"In truth, I know not well what your grace means," answered the knight, "though I can see that some villain behind my back has been blackening my character in your fair opinion. I came here frankly to tender you, of my own free will, services that you once hinted might be acceptable. Men who would climb high, my lord duke, must make their first steps firm."
"True, true, sir knight," replied the duke, moderating the acerbity of his manner; "but how can I rise higher than I am? Perhaps, indeed, my pride may soar too high a pitch, when I fancy that in this realm, next to his grace the king, my head stands highest."
"True," said Sir Payan; "but I have heard a prophecy, that your grace's head should be of all the highest without any weakening qualification next to any man's.
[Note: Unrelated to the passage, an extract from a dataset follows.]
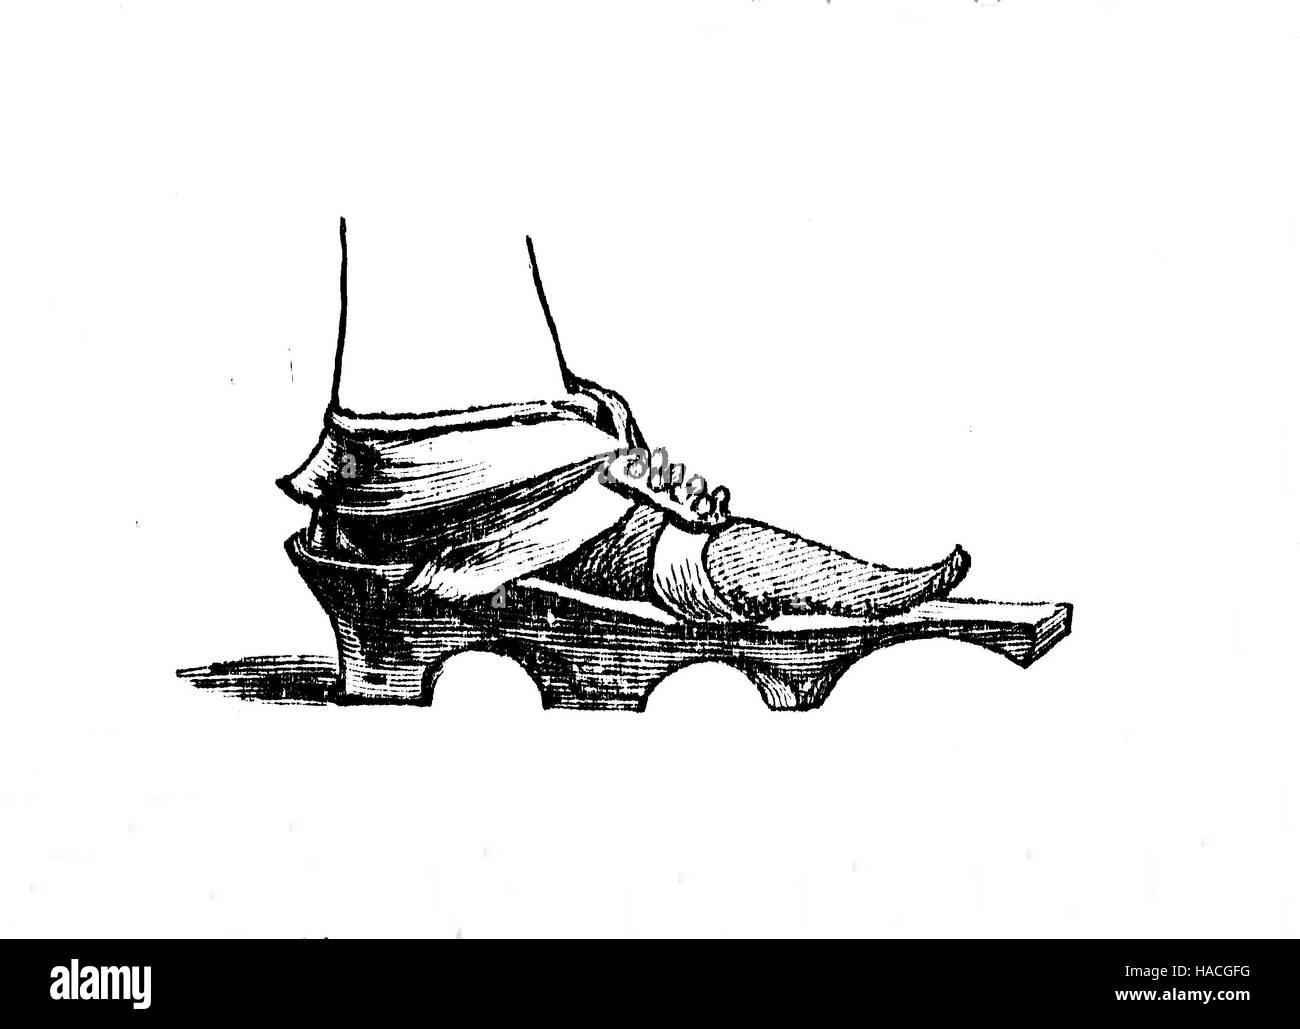 Shoes, fashion of the past. Pattens, are protective overshoes that were worn in Europe from the Middle Ages, historic illustration, woodcut Stock Photo

His grace King Henry may die, and I have myself known the Duke of Buckingham declare, that there were shrewd doubts whether the king's marriage with his brother's wife were so far valid as to give an heir to the English crown. Kings may die, too, of the sharp sword and the keen dagger. Such being the case, and the king dying without heirs male, who will stand so near the throne as the Duke of Buckingham? Who has so much the people's love? Who may command so many of the most expert and powerful men in England?"
The duke paused and thought. He was "not without ambition, though he was without the illness that should accompany it." No one did he more thoroughly abhor than Sir Payan Wileton; and, yet rich, powerful, unscrupulous, full of politic wile and daring stratagem, Sir Payan was a man who might serve him essentially as a friend, might injure him deeply as an enemy; and he was, moreover, one that must be treated as one or the other, must be either courted or defied. While a thousand thoughts of this kind passed through the mind of the duke, and connecting themselves with others, wandered far on the wild and uncertain tract that his ambition presented to his view, while the passion by which angels fell was combating in his bosom with duty, loyalty, and friendship, the eye of Sir Payan Wileton glanced from time to time towards his face, watching and calculating the emotions of his mind, with that degree of certainty which long observation of the passions and weakness of human nature had bestowed. At length he saw the countenance of the duke lighted up with a triumphant smile, while, fixing his eyes upon the figure of an old king in the tapestry, he seemed busily engaged in anticipations of the future. "He has them now," thought Sir Payan, "the crown, the sceptre, and the ball. Well, let him enjoy his golden dream;" and dropping his eyes on the table, he gathered the addresses of the various letters which Buckingham had apparently been writing: "The Earl of Devonshire"--"The Lord Dacre"--"Sir John Morton"--"The Earl of Fitzbernard, to be rendered to the hands of Sir Osborne Maurice"--"The Prior of Langley."
"Ha!" thought the knight, "Lord Fitzbernard! Sir Osborne Maurice! So, so! I have the train. Take heed, Buckingham! take heed, or you fall;" and he raised his eyes once more to the countenance of the duke, whose look was now fixed full upon him.
"Sir Payan Wileton," said Buckingham, "we have both been meditating, and perhaps our meditations have arrived at the same conclusion."
"I hope, my lord duke," answered Sir Payan, returning to the former subject of conversation, "that your grace finds that I may be of service to you."
"Not in the least," replied the duke, sternly; for it had so happened that his eyes had fallen upon Sir Payan just at the moment that the knight was furtively perusing the address of the letter to Lord Fitzbernard, and the combinations thus produced in the mind of the noble Buckingham had not been very much in favour of Sir Payan: "not in the least, Sir Payan Wileton. Let me tell you, sir, that you must render back Chilham Castle to its lord; you must reverse all the evil that you have done and attempted towards his son; you must abandon such foul schemes, and cancel all the acts of twenty years of your life, before you be such a man as may act with Buckingham."
"My lord duke! my lord duke!" cried Sir Payan, "this is too much to bear. Your pride, haughty peer, has made you mad, but your pride shall have a fall. Beware of yourself, Duke of Buckingham, for no one shall ever say that he offended Sir Payan Wileton unscathed. Know you that you are in my power?"
"In thine, insect!" cried the duke. "But begone! you move me too far. Ho! without there! Begone, I say, or Buckingham may forget himself!"